• **Required work**
Where a picture appears, skip it and copy everything else in the listing exactly.

• **Given material**
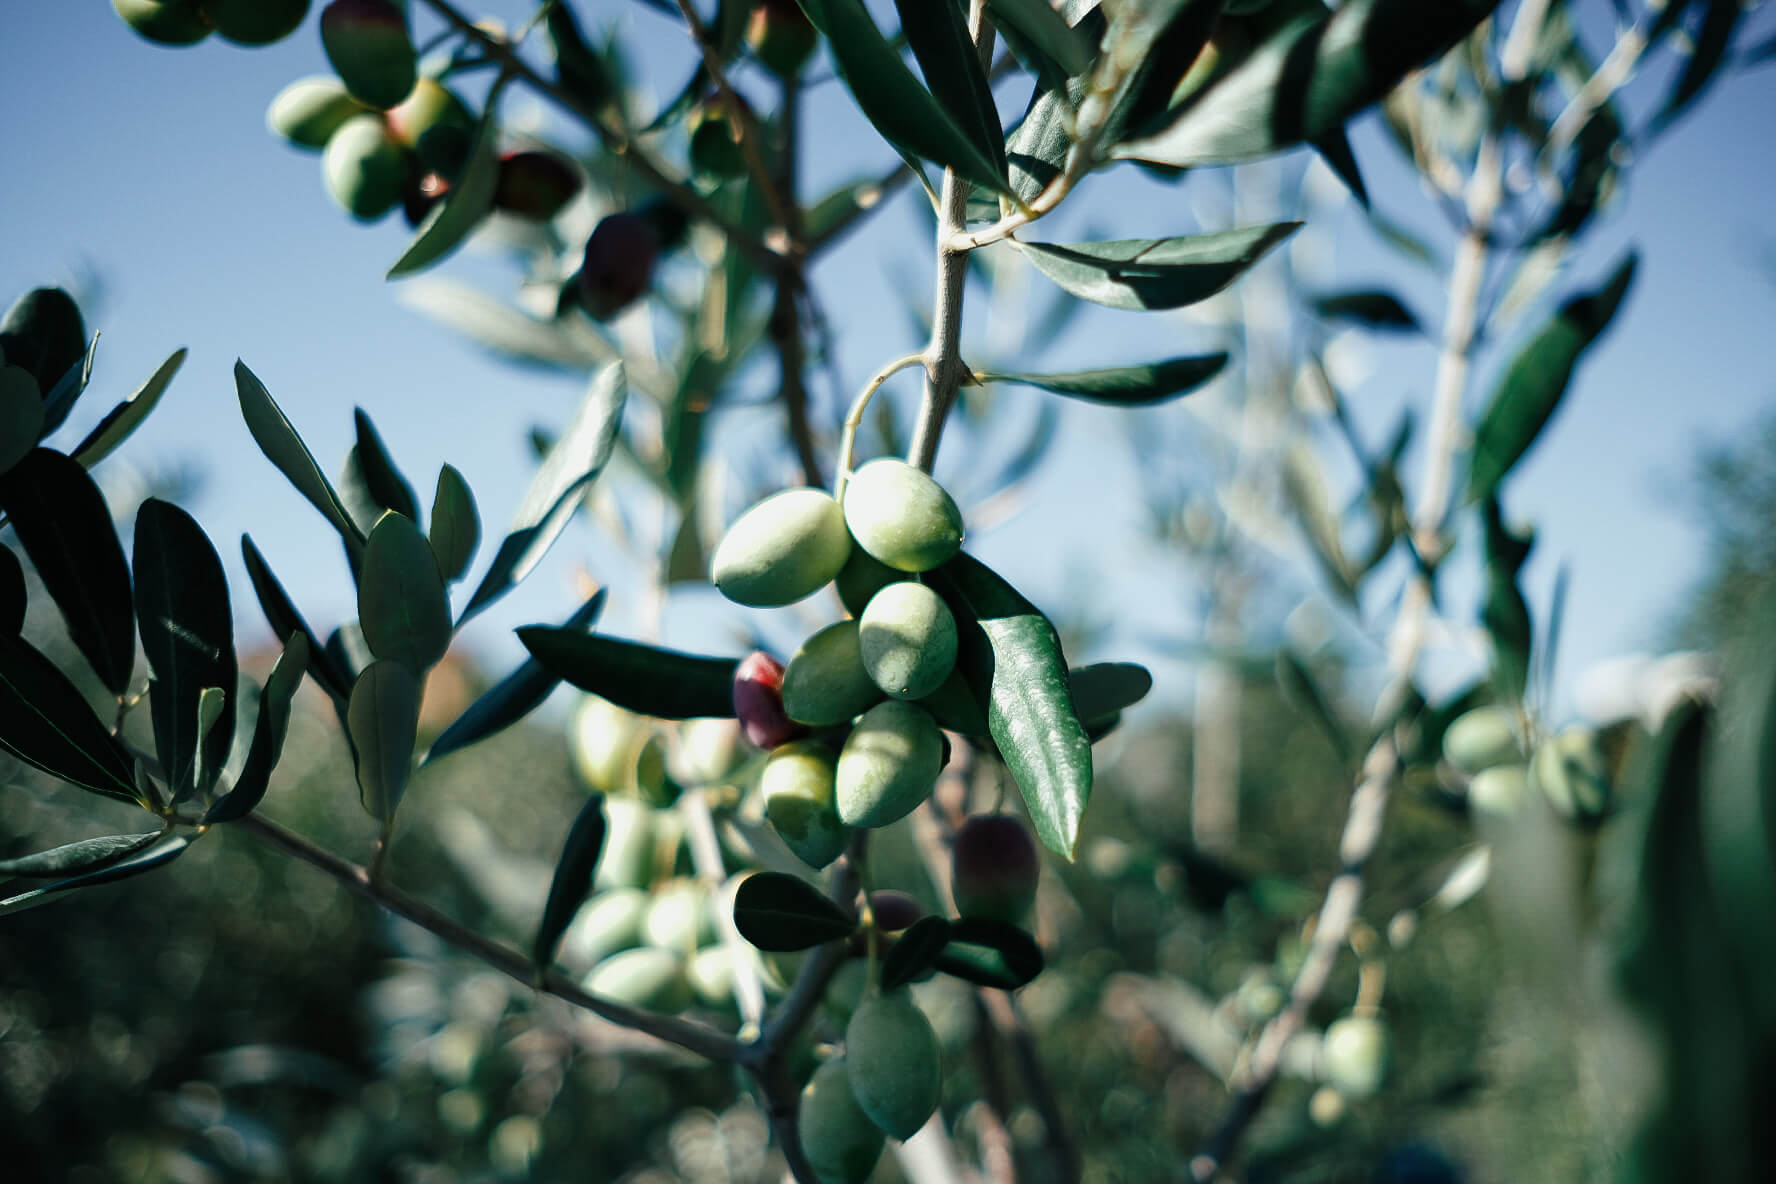 olive-picking-9.jpg
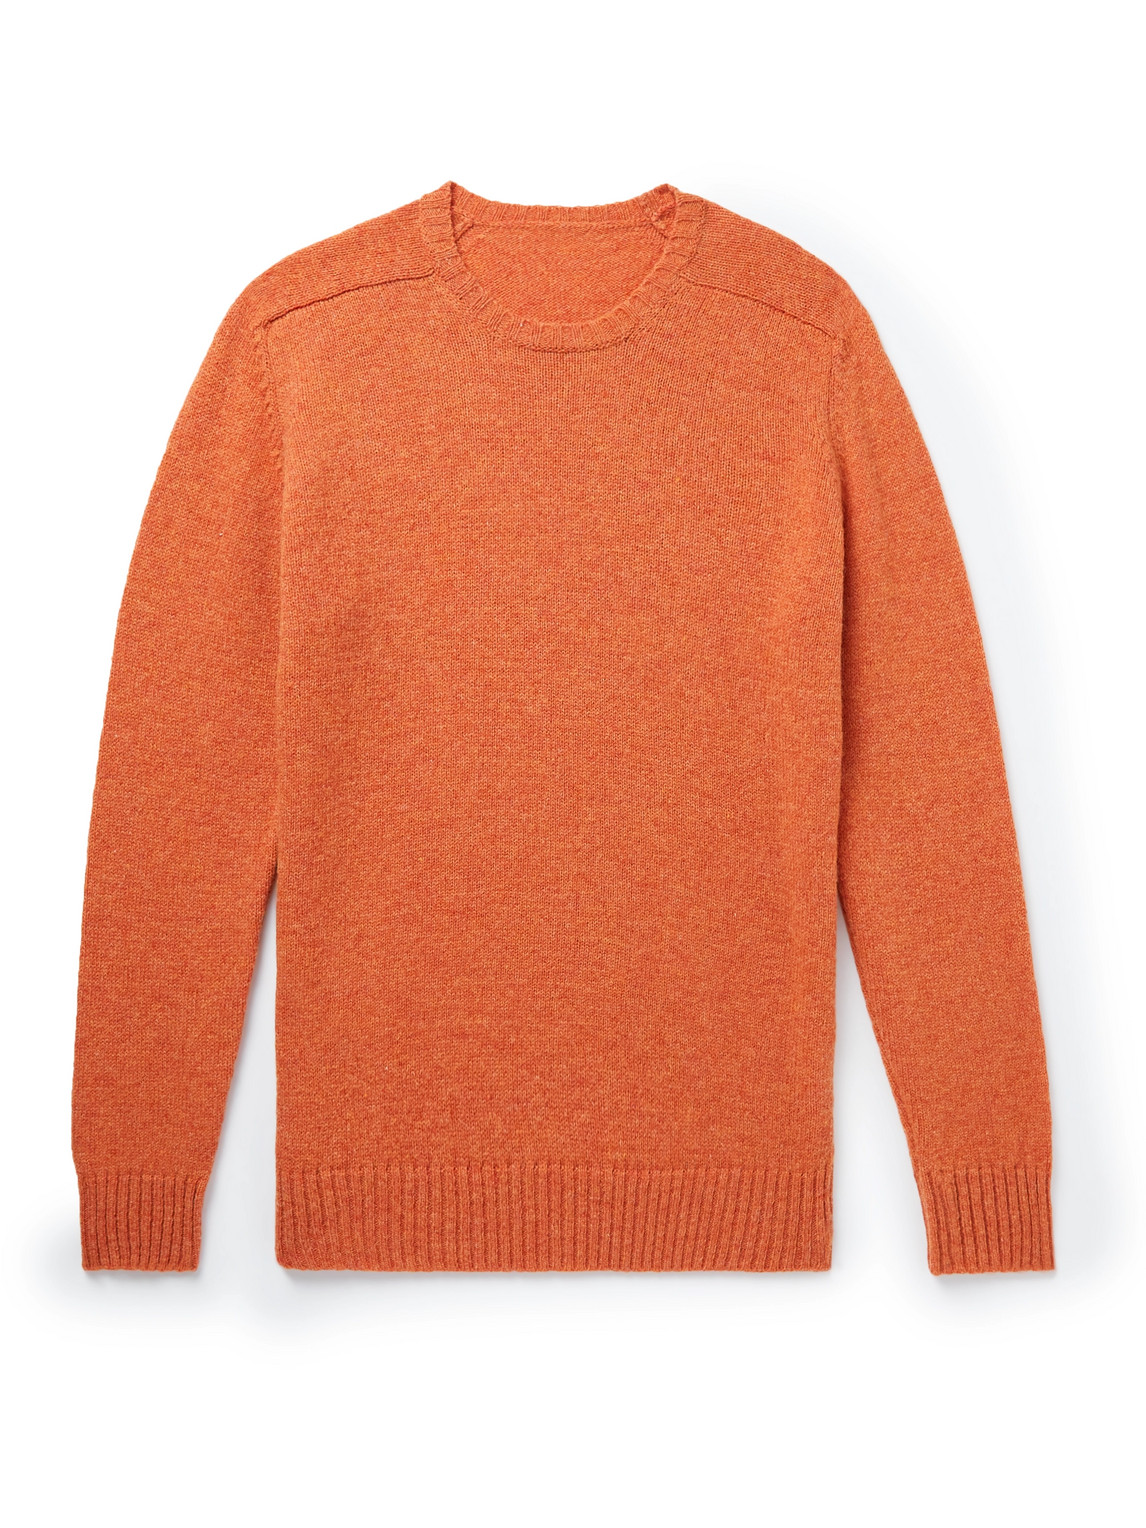 Anderson & Sheppard Shetland Wool Sweater In Orange
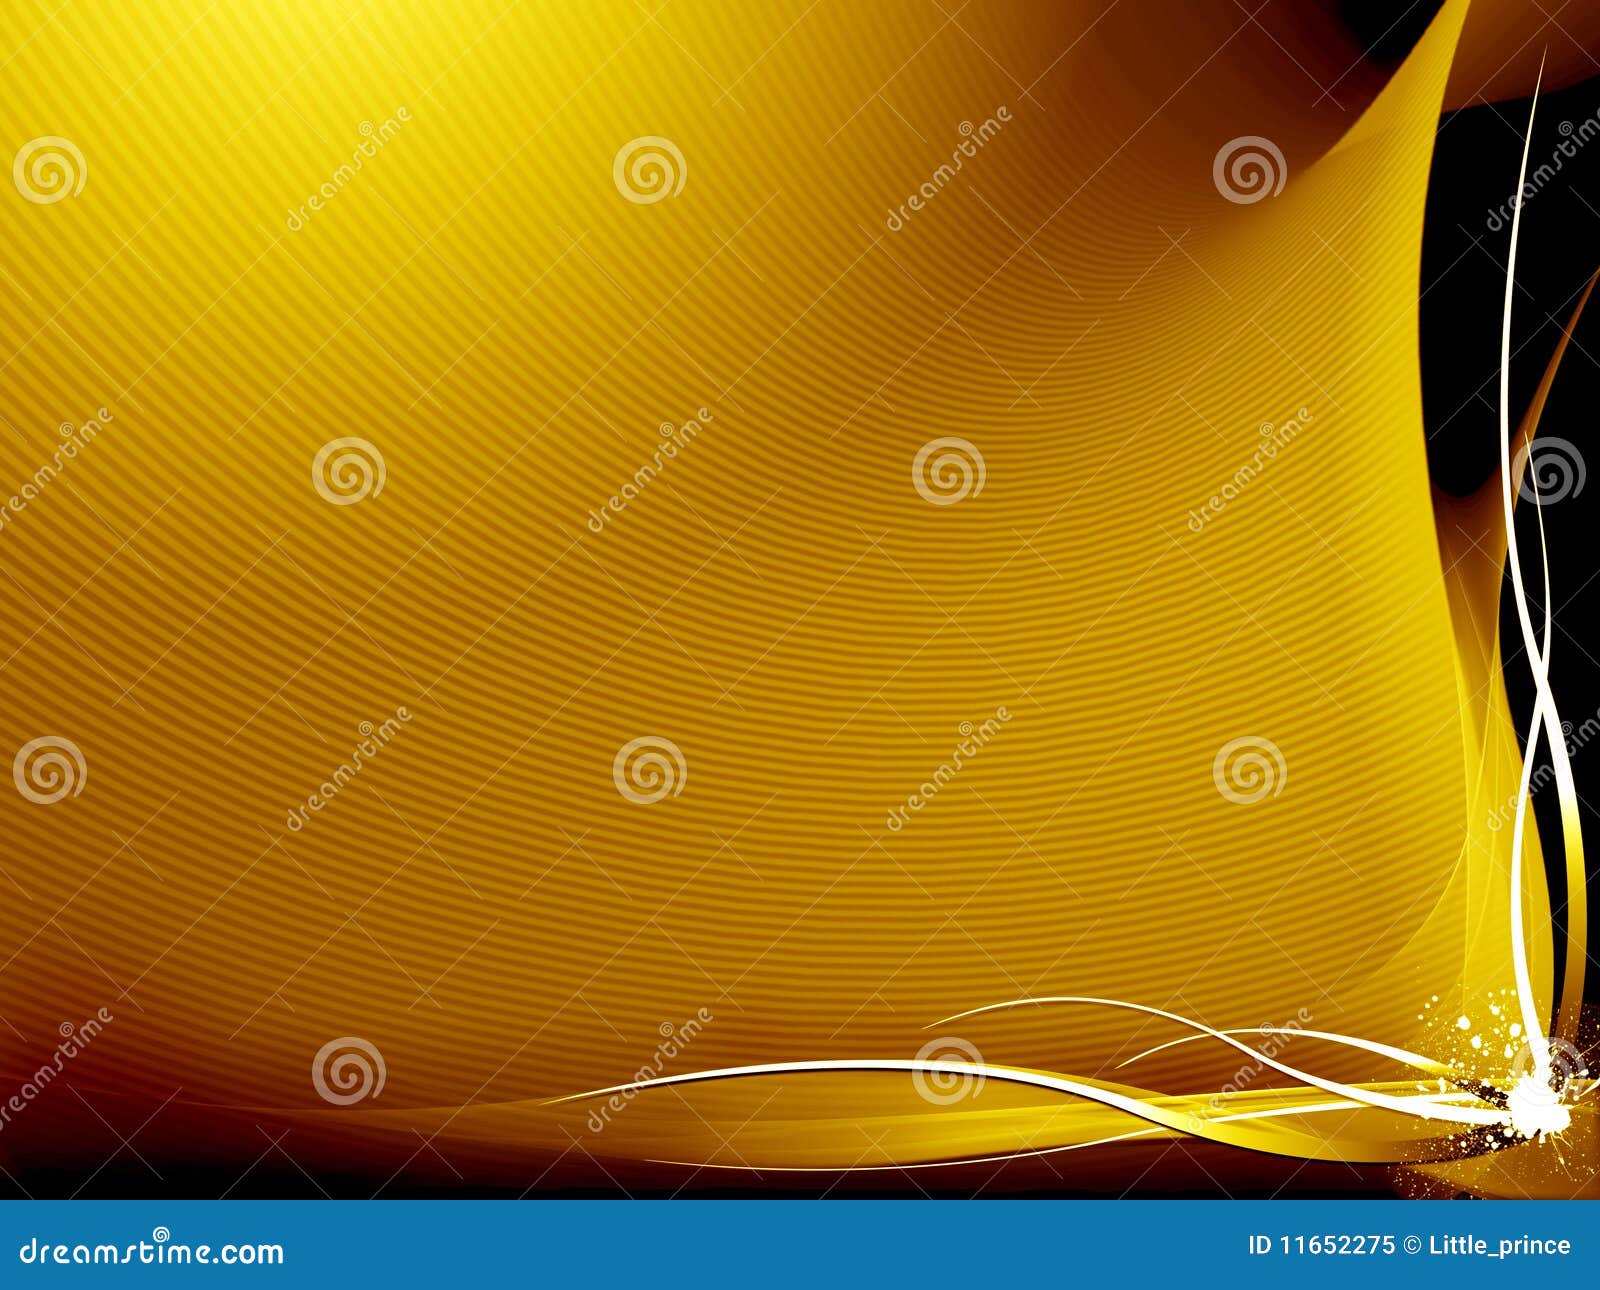 2475587 Dark Yellow Background Images Stock Photos  Vectors   Shutterstock

• **Output for this task**
 olive-picking-9.jpg
 Anderson & Sheppard Shetland Wool Sweater In Orange
 2475587 Dark Yellow Background Images Stock Photos  Vectors   Shutterstock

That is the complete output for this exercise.